Un autre privilège, encore plus restreint aujourd’hui, de la mélodie hellénique, consistait dans la pluralité des modes. Le mode — pour les anciens comme pour nous — est « le système des intervalles compris entre le son final et les autres sons employés dans la mélodie, indépendamment du degré absolu d’acuité et de gravité de tous les sons[2]. » Or les modes, qui ne sont plus que deux : le majeur et le mineur, étaient jadis au nombre de sept.

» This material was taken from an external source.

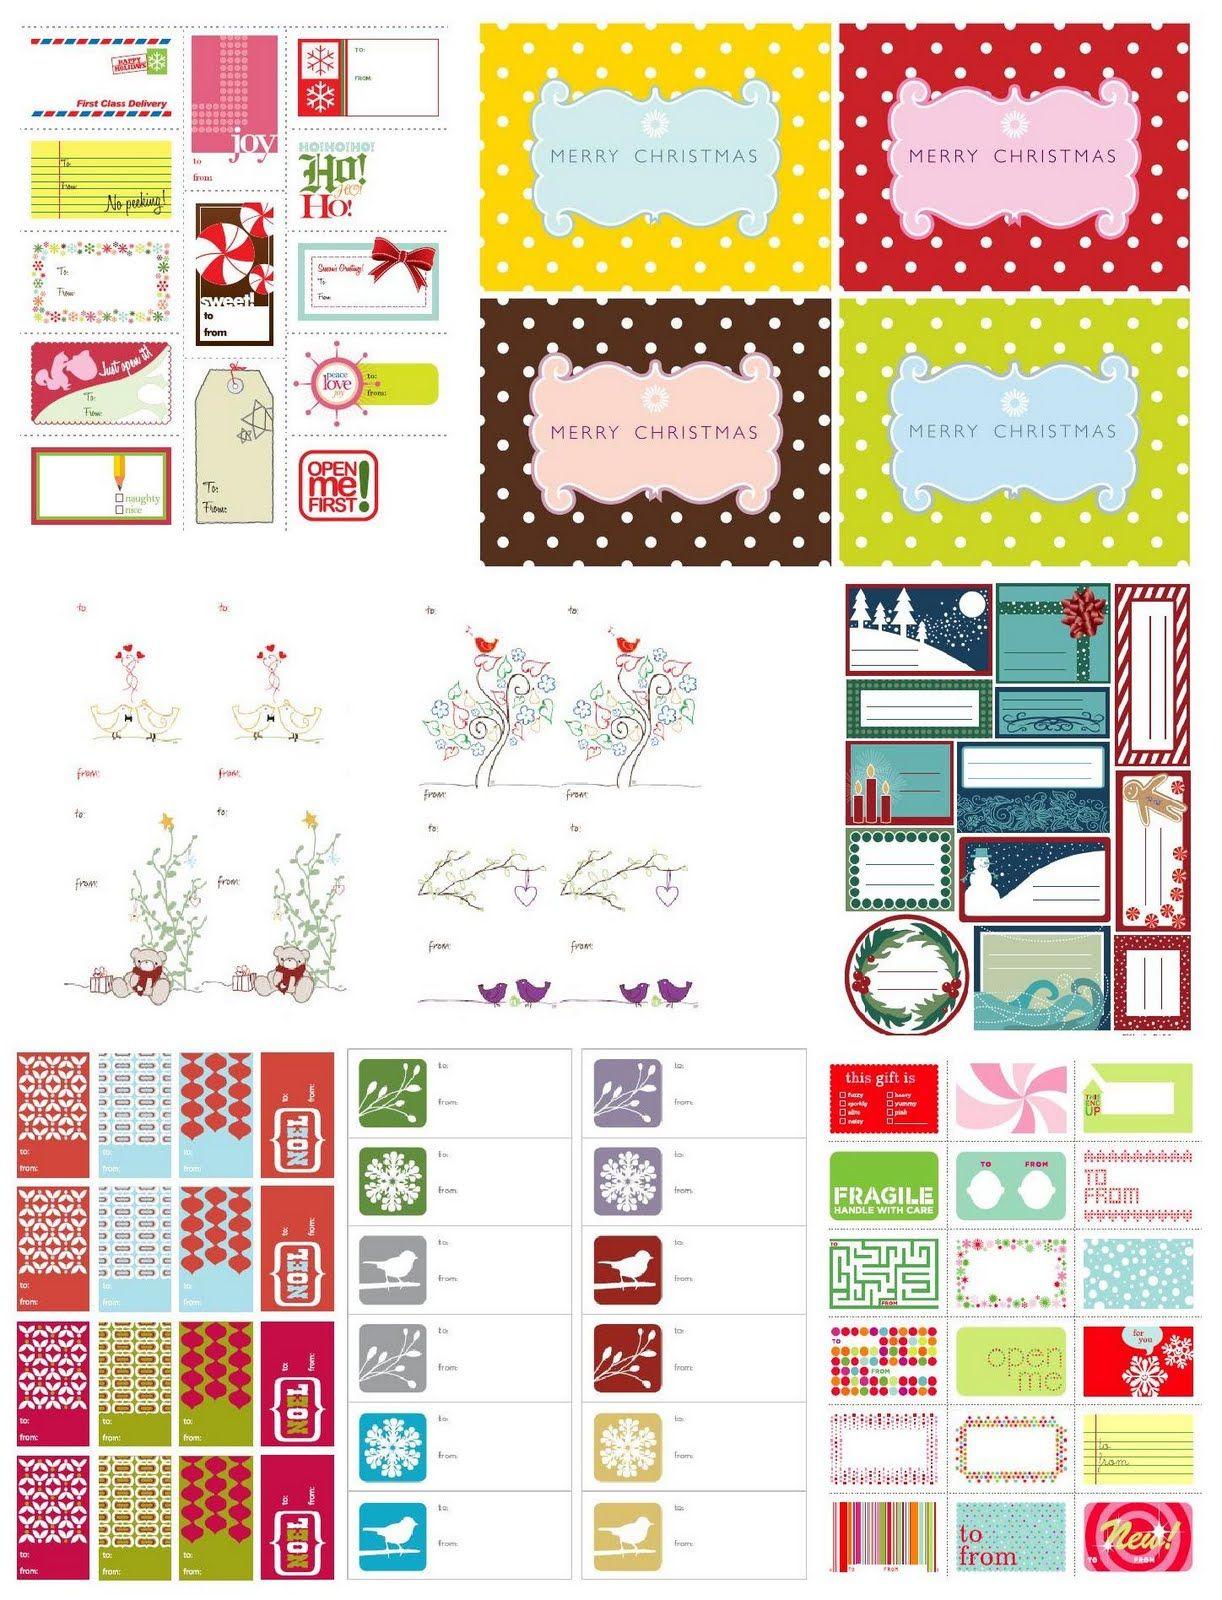 free printable christmas tags | Art and crafts | Pinterest ...

La musique moderne « n’opère le repos final que sur deux degrés de l’échelle type : ut et la… Dans la musique des anciens au contraire, la terminaison mélodique peut tomber sur chacun des sons de la série diatonique, et c’est précisément ce repos final sur un son déterminé qui distingue les modes les uns des autres[3]. » Ainsi, par une mystérieuse conformité, le dernier moment décide en quelque sorte de l’être sonore qu’est la mélodie, comme il fait des êtres vivans, des êtres moraux que nous sommes, et s’il ne faut, suivant le mot de Sophocle, appeler nul homme heureux avant sa mort, on ne saurait non plus, avant qu’elle s’achève, définir le caractère, l’expression et la personnalité d’une mélodie.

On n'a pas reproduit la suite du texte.